Пленный закурил еще одну сигарету.
36
Был чудесный майский вечер. Париж благоухал. Солнце отступало с улиц, как морской отлив. В воздухе вокруг испанского посольства витал трепет веселья.
Перед дворцом из вереницы карет выходили приглашенные, и кареты тотчас же отъезжали. В больших освещенных окнах мелькали элегантные силуэты гостей, заполнивших парадный зал. Звуки оркестра волшебной волной докатывались до изгоев, оставшихся на улице напротив дворца. Они во все глаза с восхищением глядели на окна первого этажа и были настолько поглощены раззолоченной жизнью избранных, что даже забывали расстраиваться, что не имеют к ней никакого отношения.

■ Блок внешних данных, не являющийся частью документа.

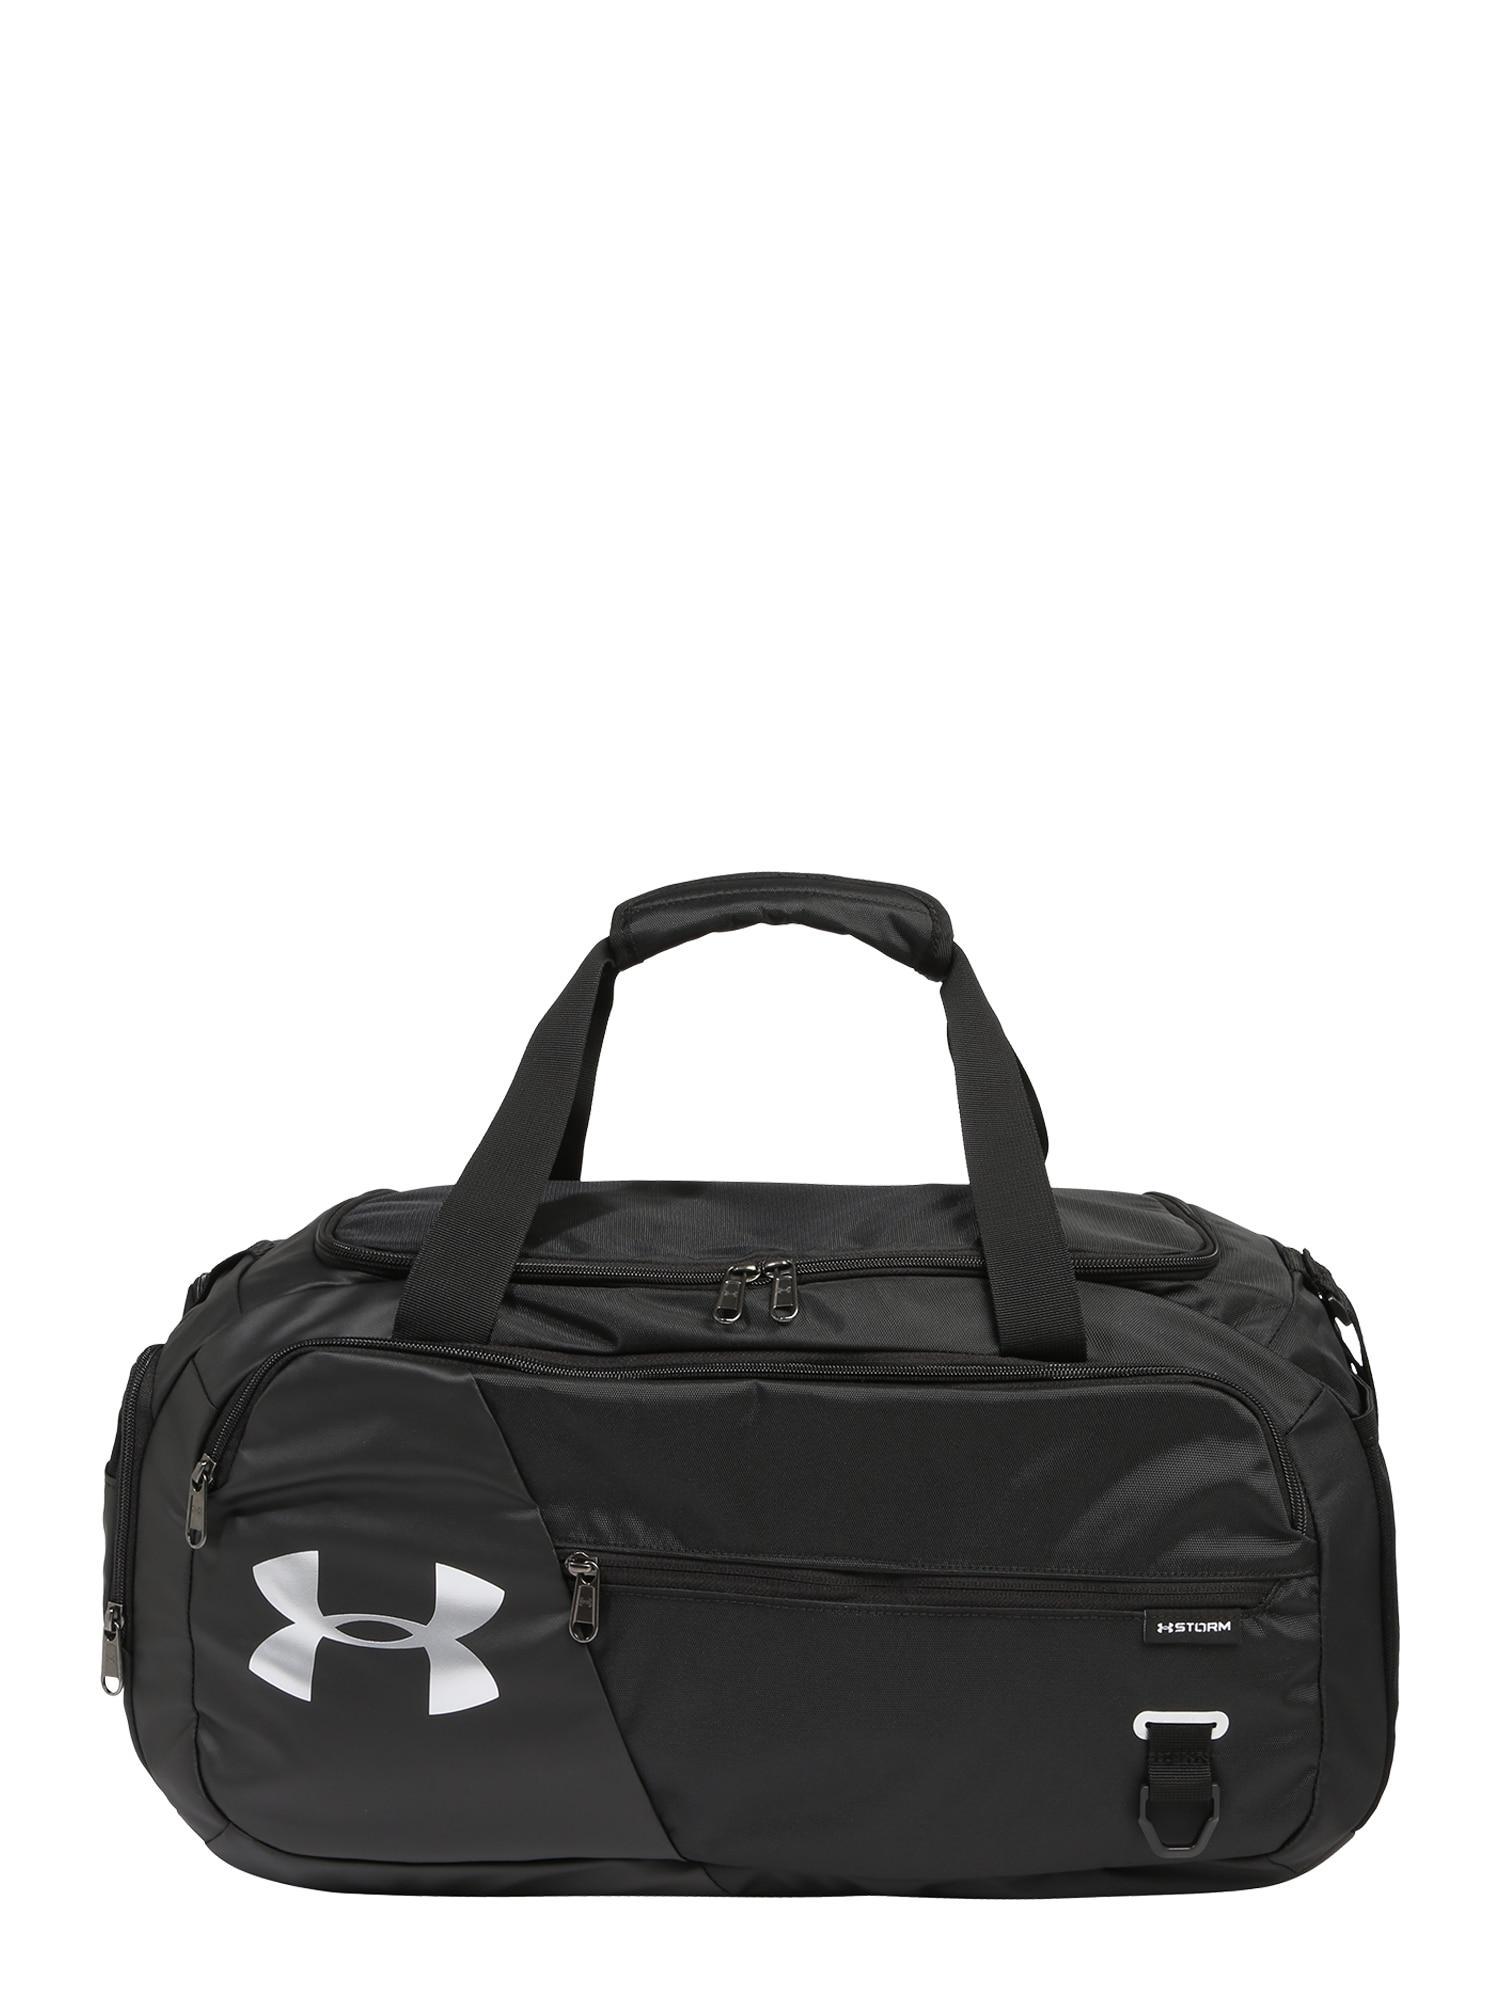 UNDER ARMOUR Sportinis krepšys 'Undeniable Duffel 4.0 Small' juoda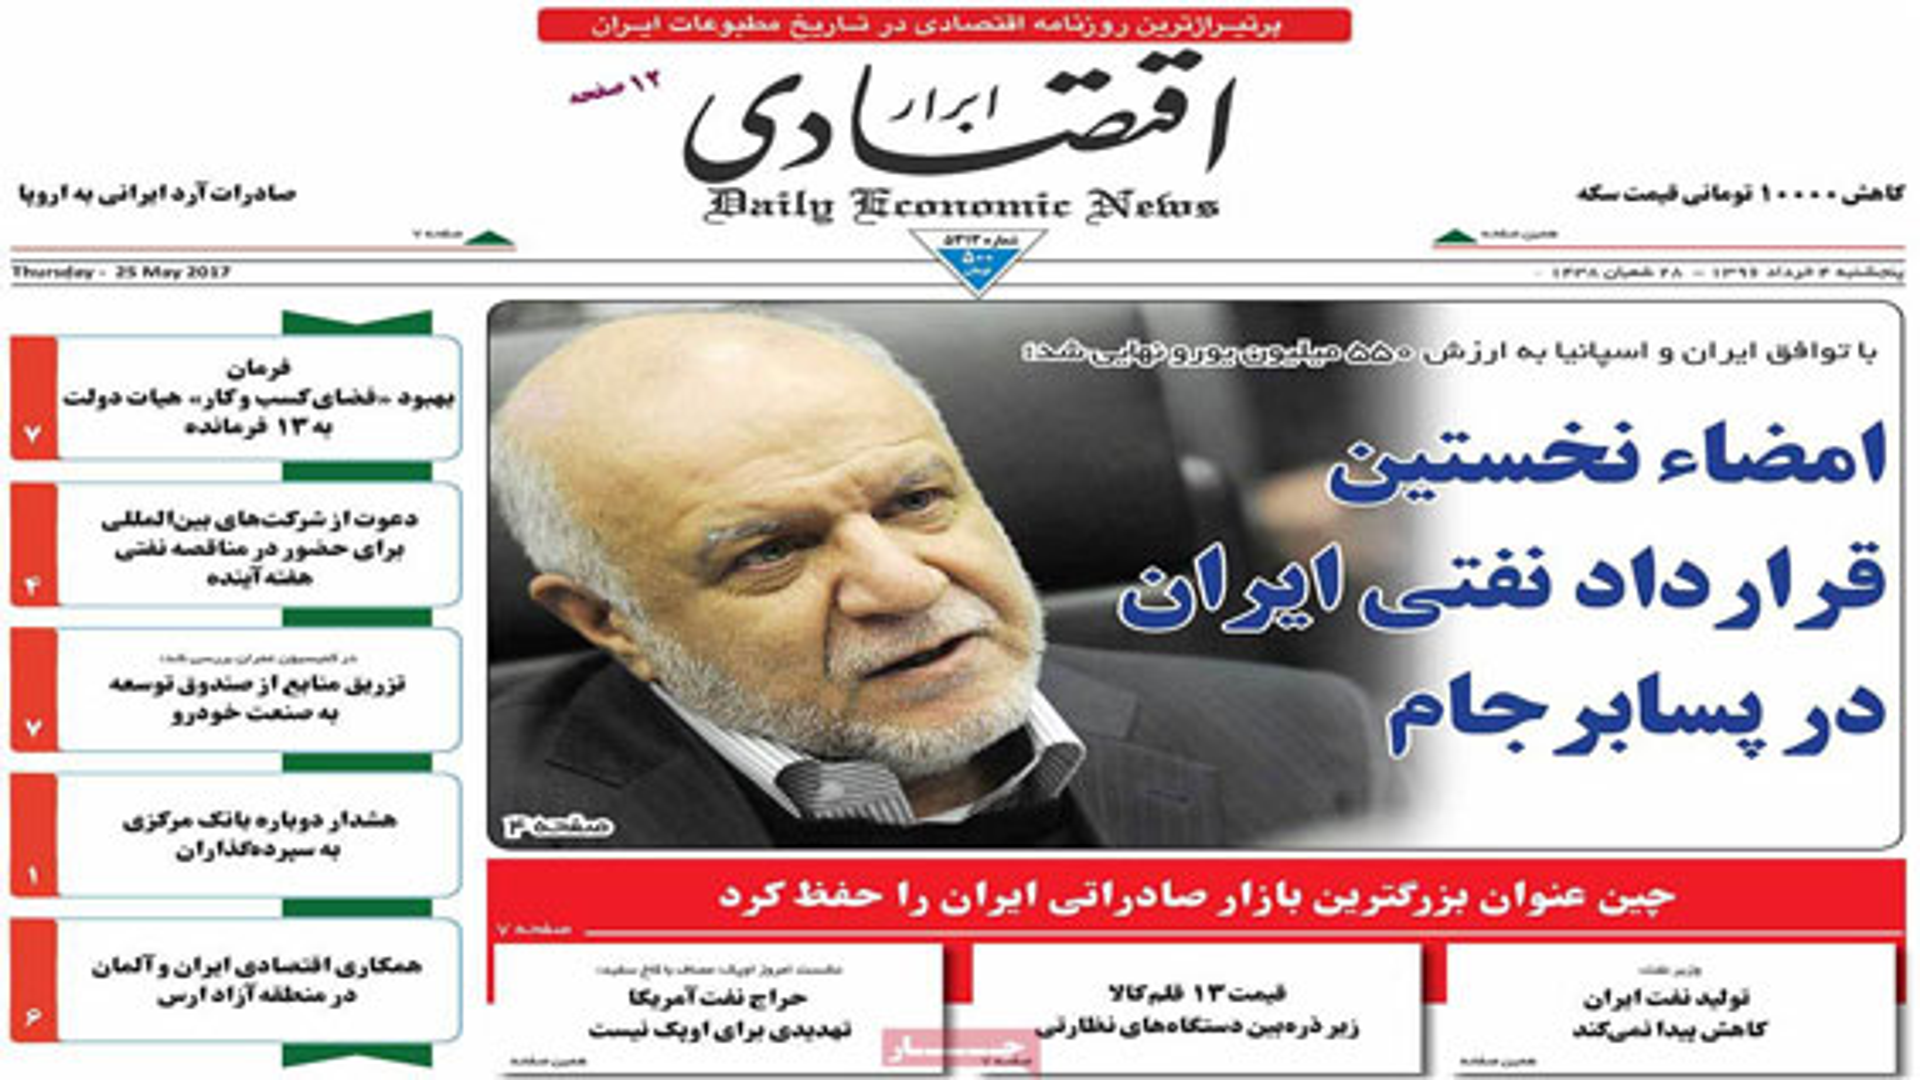 عناوین روزنامه های اقتصادی پنجشنبه 4 خرداد | فیلم

Гузман, как и рассчитывал, приехал около десяти, когда праздник был уже в разгаре. Он появился на пороге в роскошном фраке. Когда его увидели приятели, которые рассчитывали над ним посмеяться, вся компания удивленно переглянулась. Целых пять месяцев они ждали, чем же кончится дело. И пришли к выводу, что Гузман окажется не способен довести затею до конца и где-нибудь затаится. А он был тут как тут, и никому из них не хотелось пропустить необычное зрелище: ведь он были уверены, что ему предстоит унижение.
Гузман улыбнулся и приветственно им кивнул. Потом оглядел зал.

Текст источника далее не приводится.